Teriba gave the advice in Lagos at the Nigerian-American Chamber of Commerce (NACC) February Breakfast Meeting with the theme: “Nigeria Economic Outlook 2022: Implications for the Real Estate Sector”.

Financialisation is a process whereby financial markets, financial institutions and financial elite gain greater influence over economic policy and economic outcomes.

Teriba said that the advice was in line with the growing global preference for exploiting assets as portfolios for capital gains more than outputs as transactions for profits.

National growth LS

The economist said this could be achieved by valuation, securitisation, liberalisation and commercialisation of physical, intangible or corporate assets.

Teriba said that it was time to rely more on financialisation targets critical to agriculture, industry and services than on gross domestic product  figures.

“Seeking increased government revenues from economic transactions at a time of dwindling global operating margins are a mirage.

“The surest path to full and effective funding of annual budgets and five-year plans is to turn to our portfolio of national assets and unlock liquidity from them.

“Spending a tiny fraction of the time, energy and other resources we currently expend on transaction-centric finance acts on portfolio-centric investment acts, will have bigger liquidity payoffs.

“These will boost government revenue, ease debt burden and create adequate foreign reserves to stabilise the Naira as well as accelerate growth, employment and prosperity,” he said.

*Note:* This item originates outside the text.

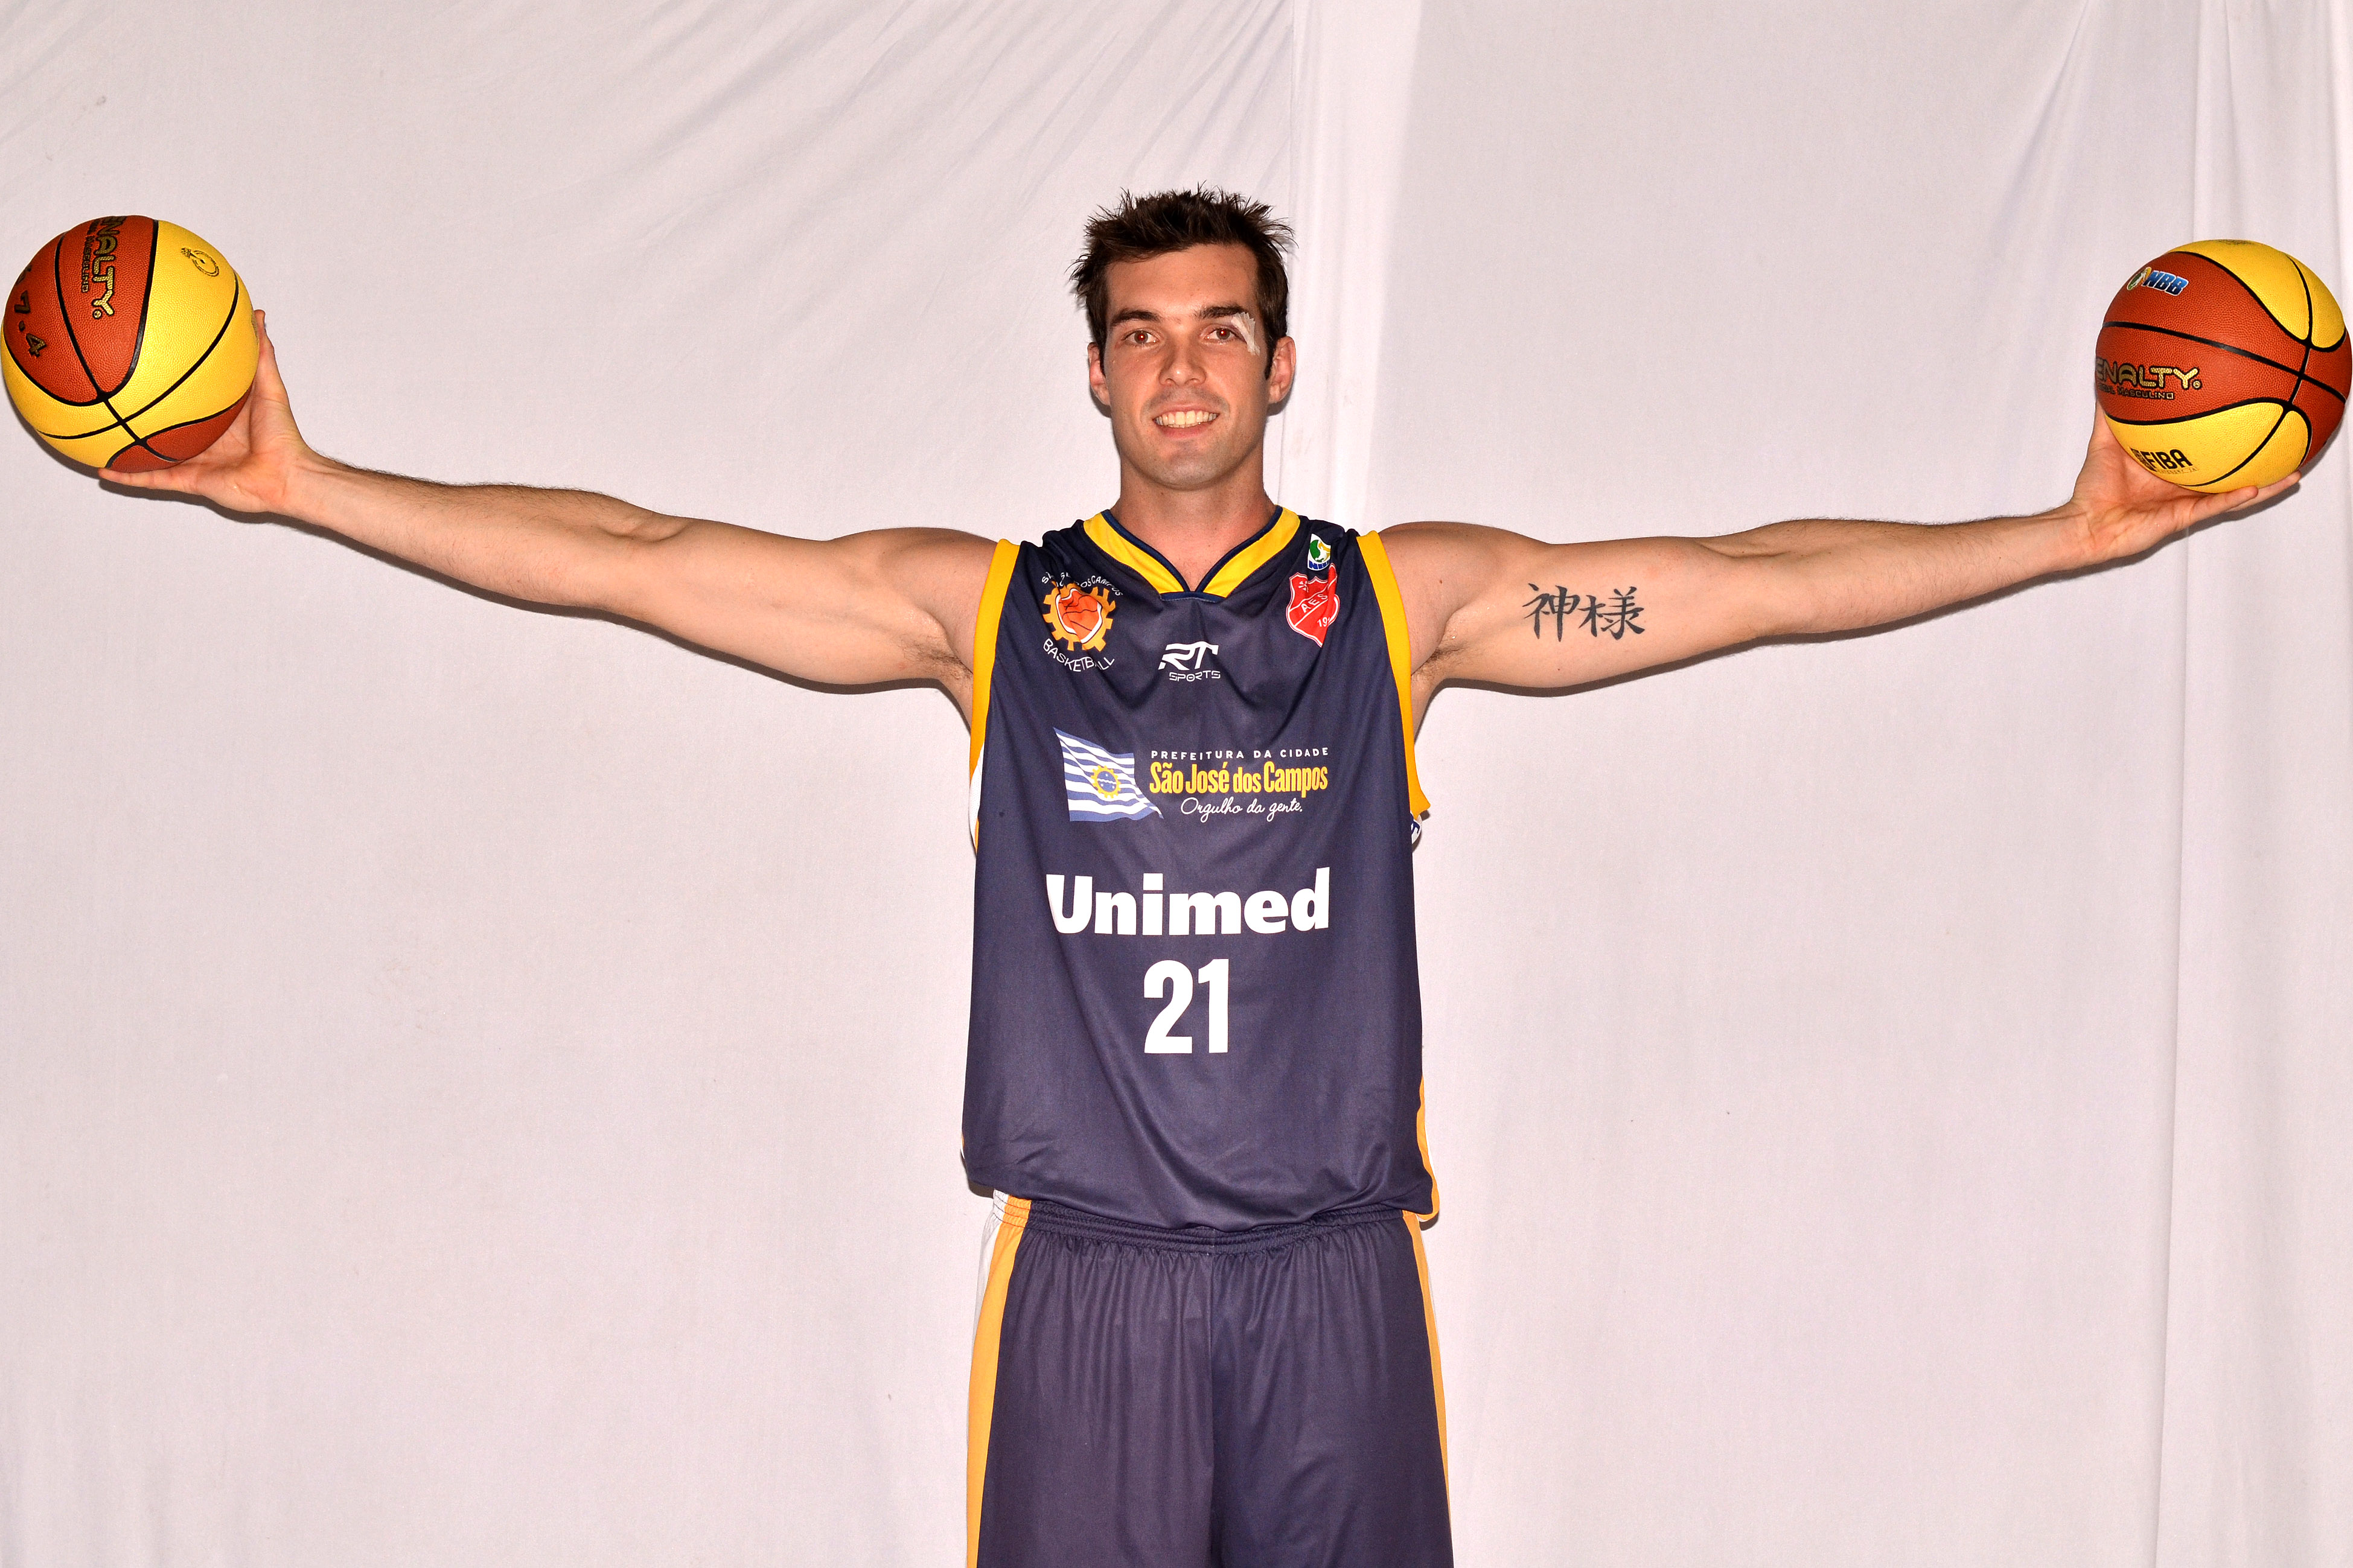 Resultado de imagem para murilo becker basquete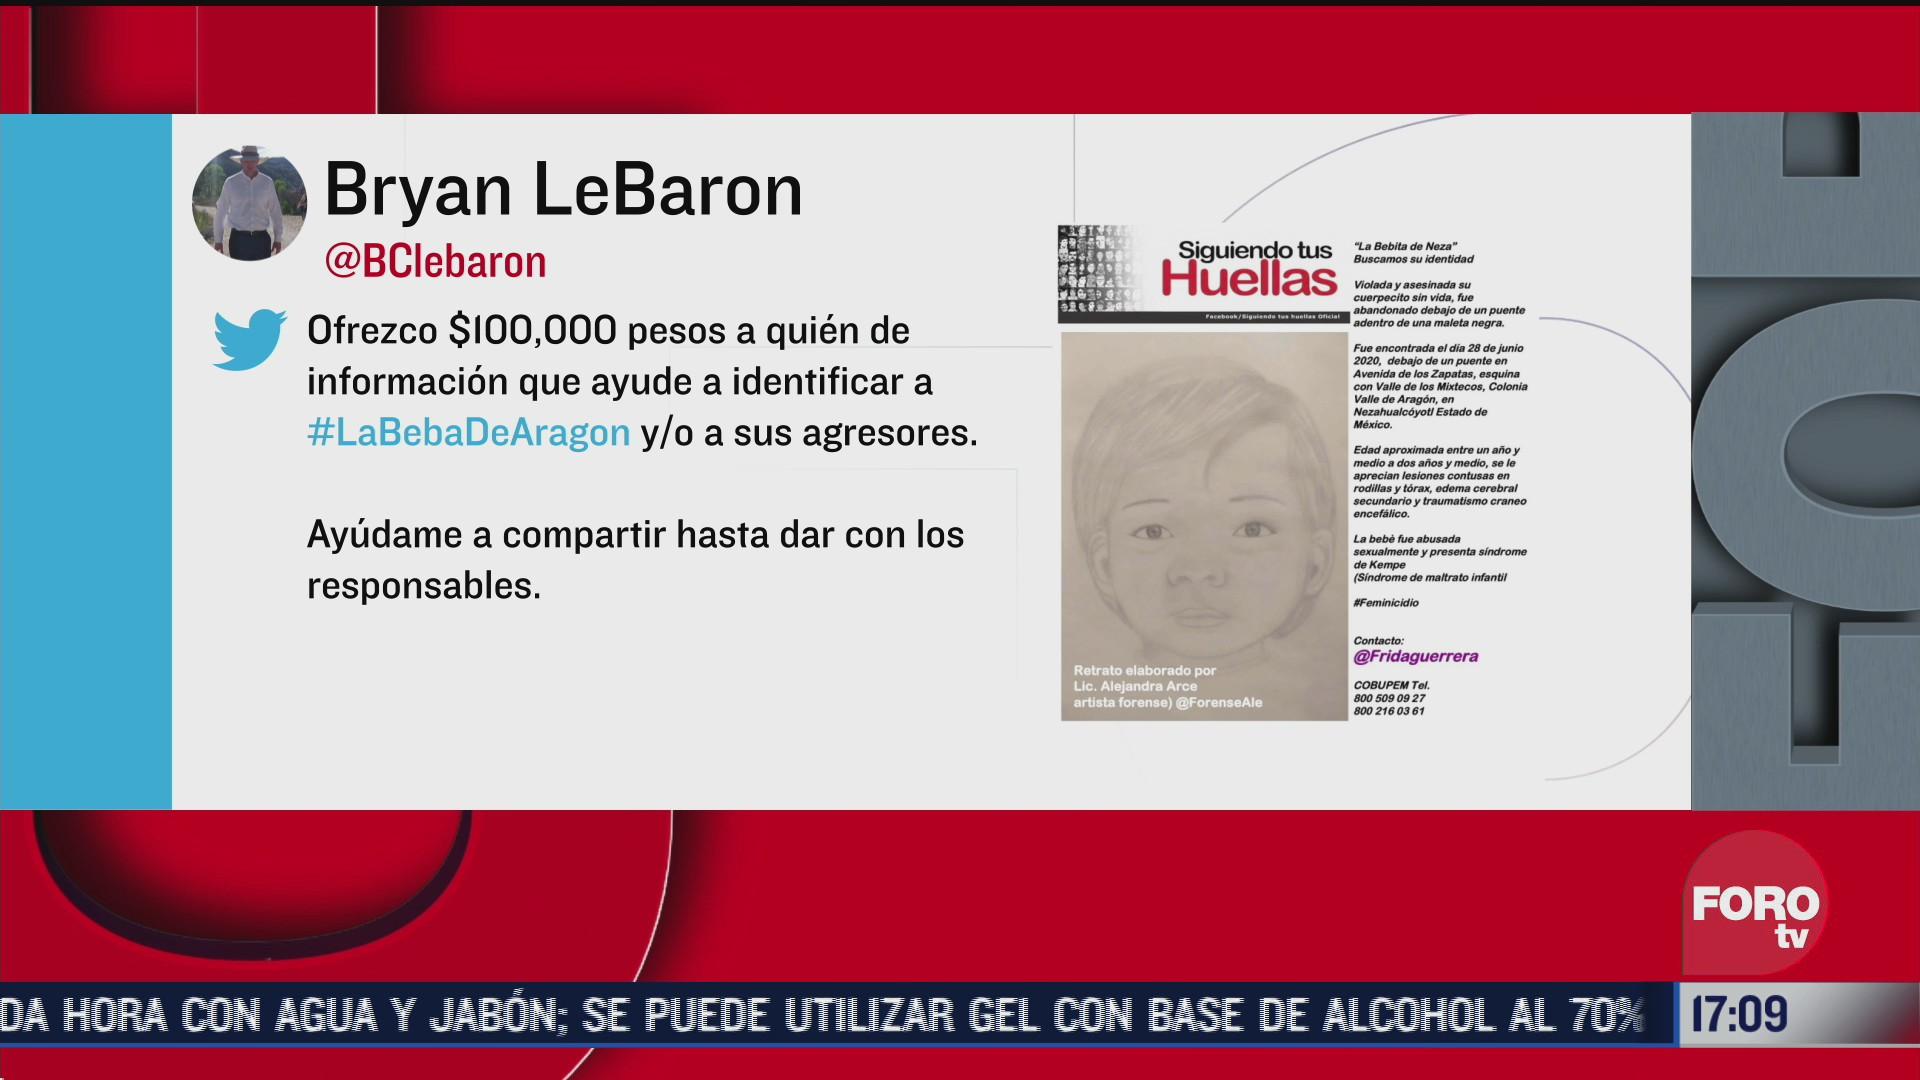 bryan lebaron ofrece 100 mil pesos por identificar a los agresores de una nina encontrada muerta en edomex

Teriba also advised the government to boost digital technology adoption rates in the tech-political space and  tech-social space,  noting that the country was presented with the same set of e-commerce possibility frontiers as other countries.

Chief Emma Wike, President, Nigerian Institution of Estate Surveyors and Valuers, said that the year 2022 would witness an uptrend in real estate investment and development with assurances of a high return on investment.

According to him,  the real estate sector will play an integral part in the nation’s economy as  in the U. S. where real estate business and investment provide a source of revenue and housing for millions of people.

Wike said that real estate market in Nigeria was filled with opportunities for profitability, given the country’s population of over 200 million.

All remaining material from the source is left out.